Sawyer (Hircine vom HausReid), 2yrs old, 80lbs, like 75% WGSL, 25% WL. Included some other pics for reference. Hard to tell with some of the poof! Thanks in advance! Would love to learn more about conformation as I’m still not great with all the terms.


----------



## Spetzio (Oct 8, 2015)

One more for good measure


----------



## atomic (Mar 28, 2016)

I too don’t have much in the way of conformation knowledge, I just wanted to say I love him and he’s so handsome!


----------



## NaughtyNibbler (Oct 28, 2018)

I don't have experience with confirmation, but just wanted to comment. He is a very handsome boy! Love his facial markings!


----------



## IllinoisNative (Feb 2, 2010)

Very handsome! I love his masculine head.:wub:


----------



## cliffson1 (Sep 2, 2006)

I like his structure! Nice looking dog!


----------



## Spetzio (Oct 8, 2015)

Thanks everyone! I do like that he’s a bit more moderate as far as WGSLs go. 

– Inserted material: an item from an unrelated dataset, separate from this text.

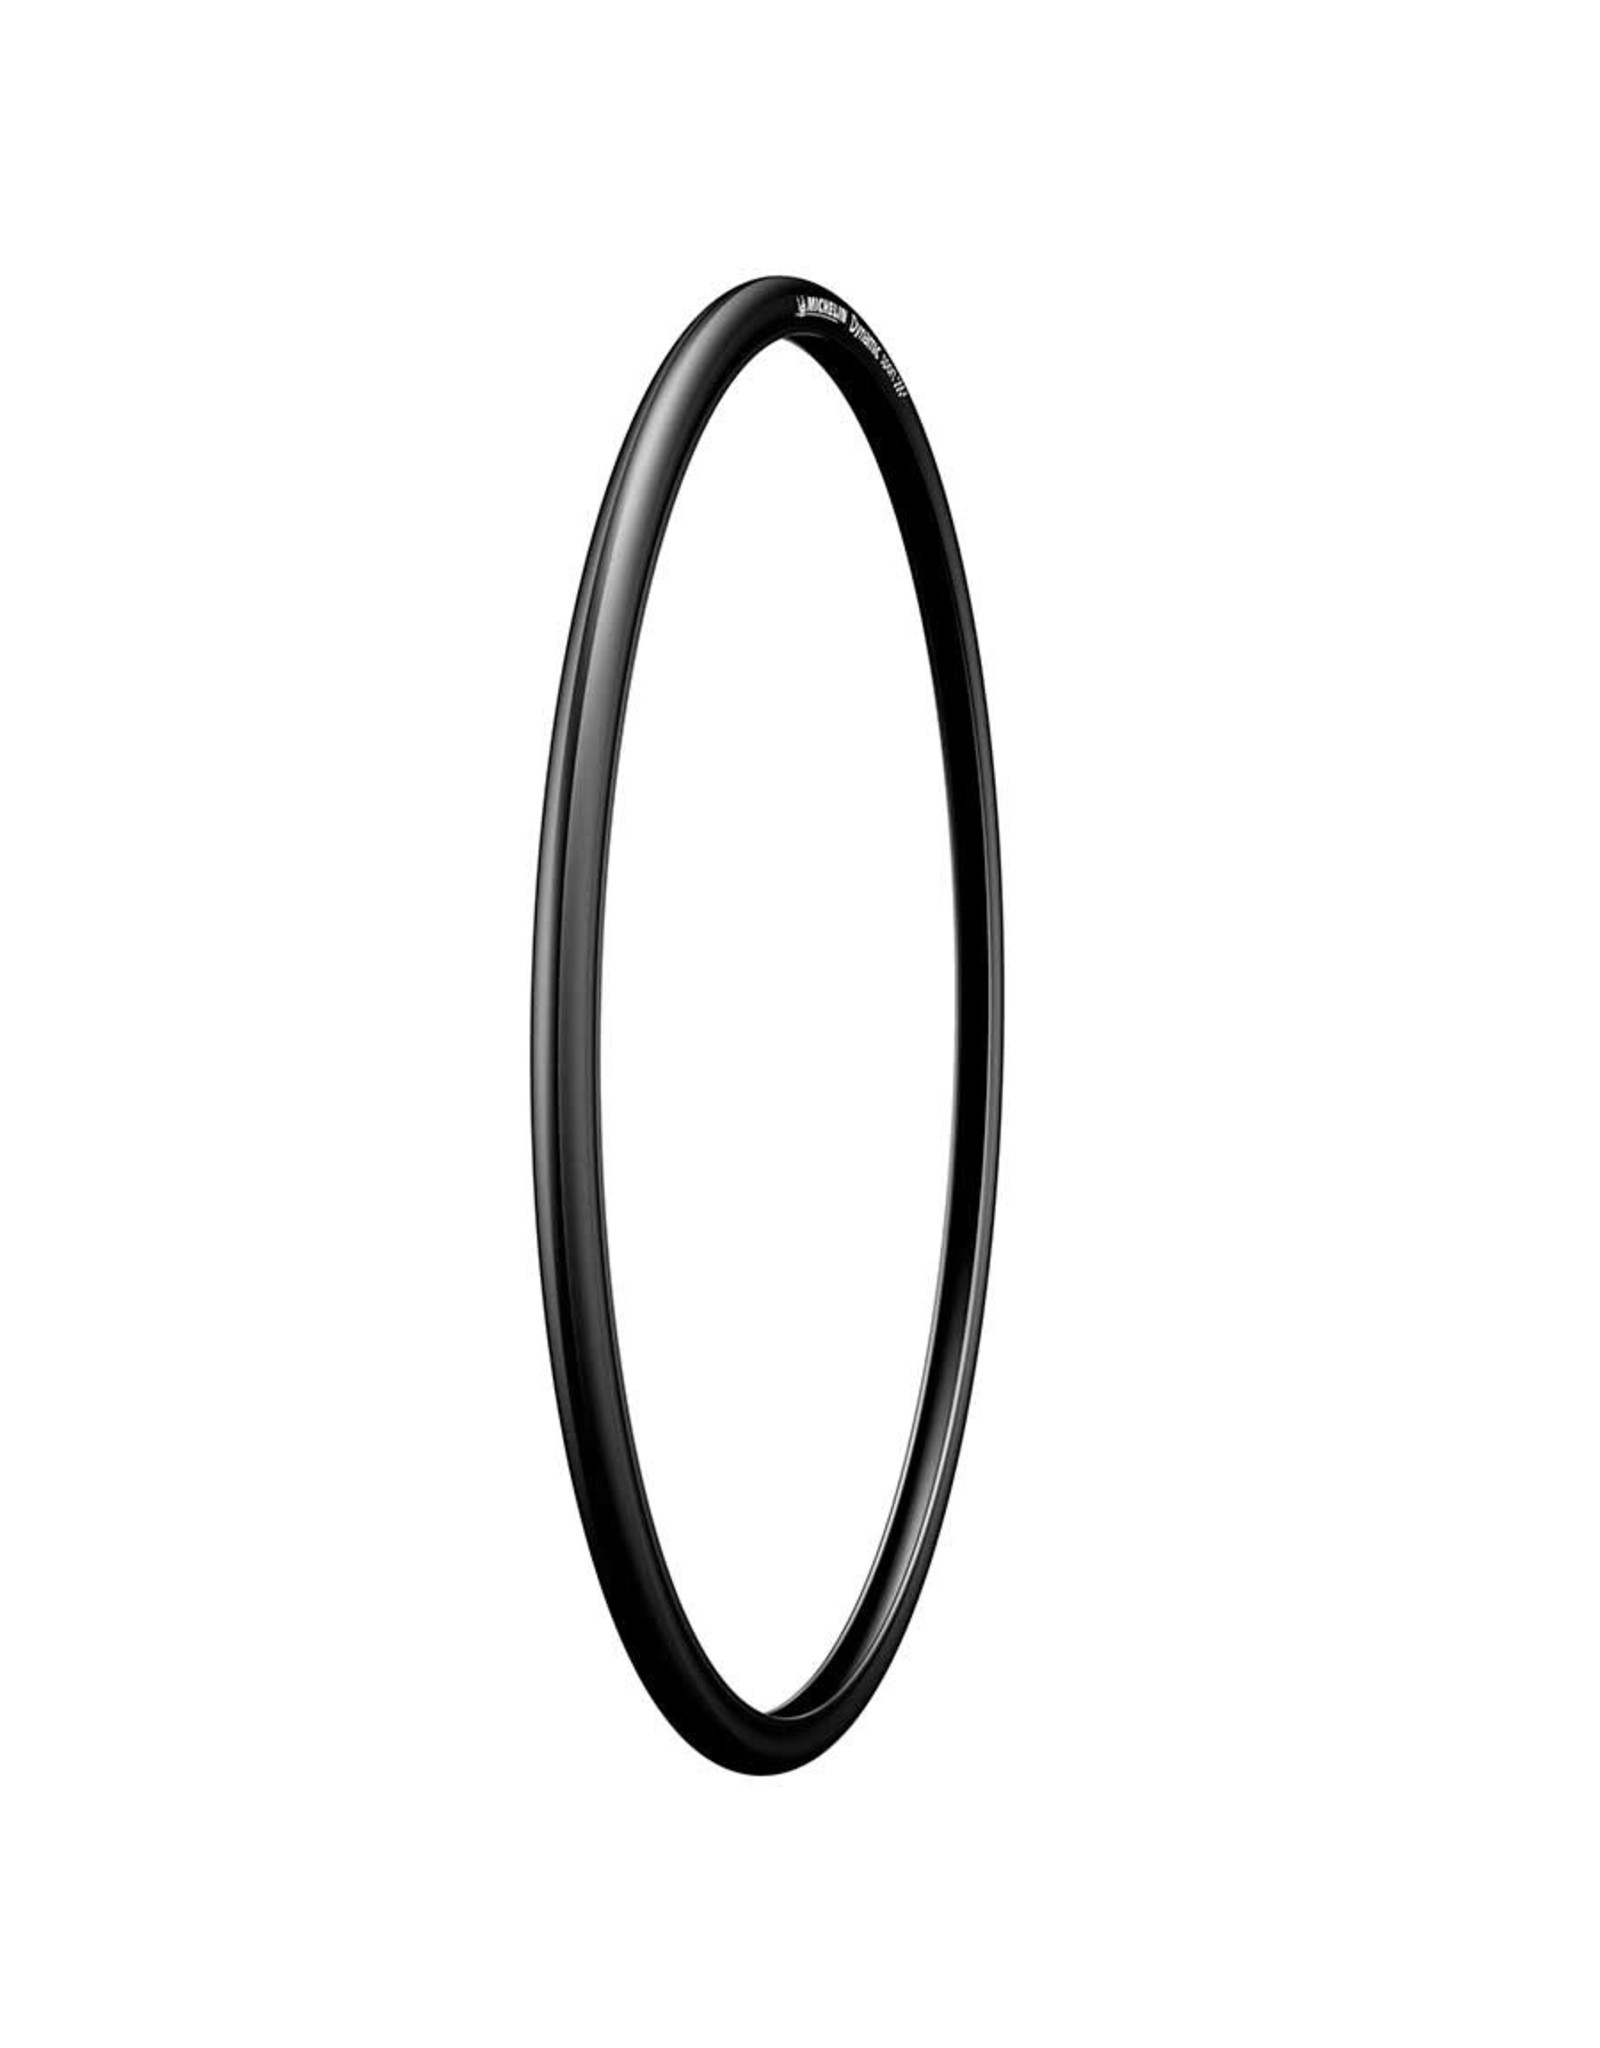 Michelin, Dynamic Sport, Tire, 700x23C, Wire, Clincher, Single, 30TPI, Black

I’m curious to learn more about the upper arm, croup, and withers as it applies to him (for those conformation-savvy people, of course). I honestly have a hard time picturing where exactly they start and the proper length/angle, despite diagrams, haha


----------



## Muskeg (Jun 15, 2012)

I'm not a breed- specific conformation person at all, but overall he looks like he has nice balance, and great head. He's beautiful. Good front and back angulation too. This is the type of GSD I would like to own again some day. Very masculine, great looking animal. Rich coloring as well.


----------



## Spetzio (Oct 8, 2015)

Muskeg said:


> I'm not a breed- specific conformation person at all, but overall he looks like he has nice balance, and great head. He's beautiful. Good front and back angulation too. This is the type of GSD I would like to own again some day. Very masculine, great looking animal. Rich coloring as well.


Thank you so much. He really is a great dog. Super stable, solid nerves, great drive for a ball. Excellent nose, seems to enjoy the “hunt” when I hide his ball in dense fields and the like, am very interested in pursuing NW with him when I have the money. 

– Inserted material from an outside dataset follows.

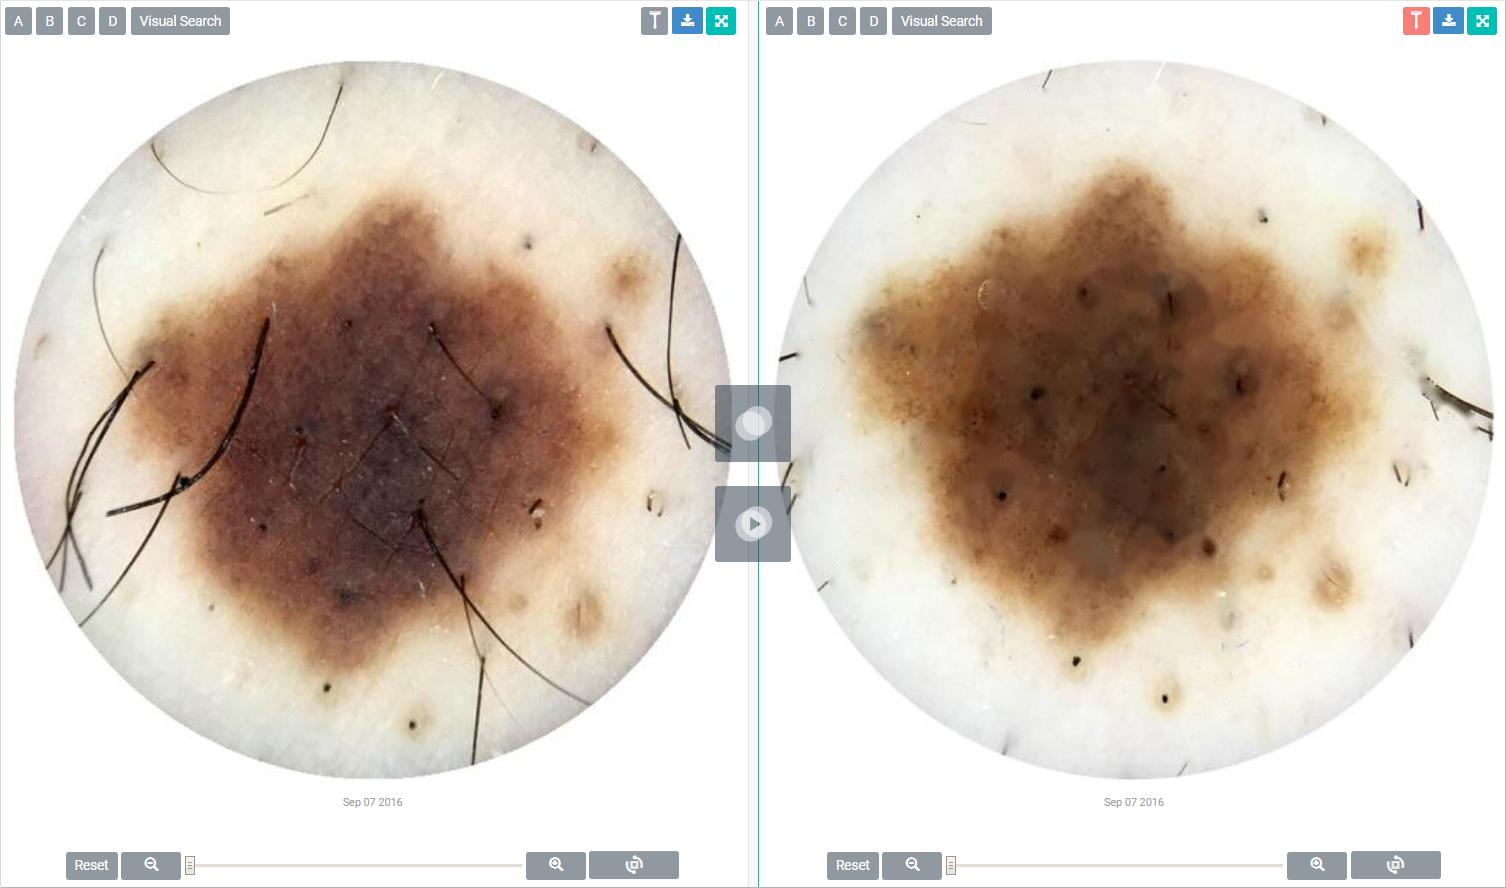 DermEngine Intelligent  Dermatology Software Razor Tool for Skin Analytics

If I were being critcal - barely any tappable prey drive (did several bitework evals as he got older - one mentioned that he could be worked solely in defense but that it wouldn’t be fun for him, so I passed it up - why force it when I didn’t get him as a sport prospect), and not as clear headed when in drive as I’d like. Also easily frustrated when learning new things. Good (not spectacular) food drive, but only works for a reward vs working to please or actually enjoying the work.

Not that much of that is relevant to your comment, so I’m sorry about the rambling!


----------



## crittersitter (Mar 31, 2011)

Beautiful boy. My experience with WGSL vs WL is that there is less drive but a fabulous dog.


----------



## Spetzio (Oct 8, 2015)

crittersitter said:


> Beautiful boy. My experience with WGSL vs WL is that there is less drive but a fabulous dog.


Thank you! I can't complain because he's exactly what I asked for - can't fault the dog because what I want in a dog has changed since spending time with IPO/IGP folks and their GSDs! He's an excellent dog for sure.


----------



## Spetzio (Oct 8, 2015)

Would love to get some more info comformationally speaking! 

Flat withers are a fault, no clue where his rest on the spectrum, but what exactly do high withers add to the dog in terms of functionality? Or is it just structural correctness and that’s it? 

I know upper arm adds reach for gait depending on length, and I think it’s the angle from the elbow to the shoulder, but am not sure if his is too short or just long enough?


----------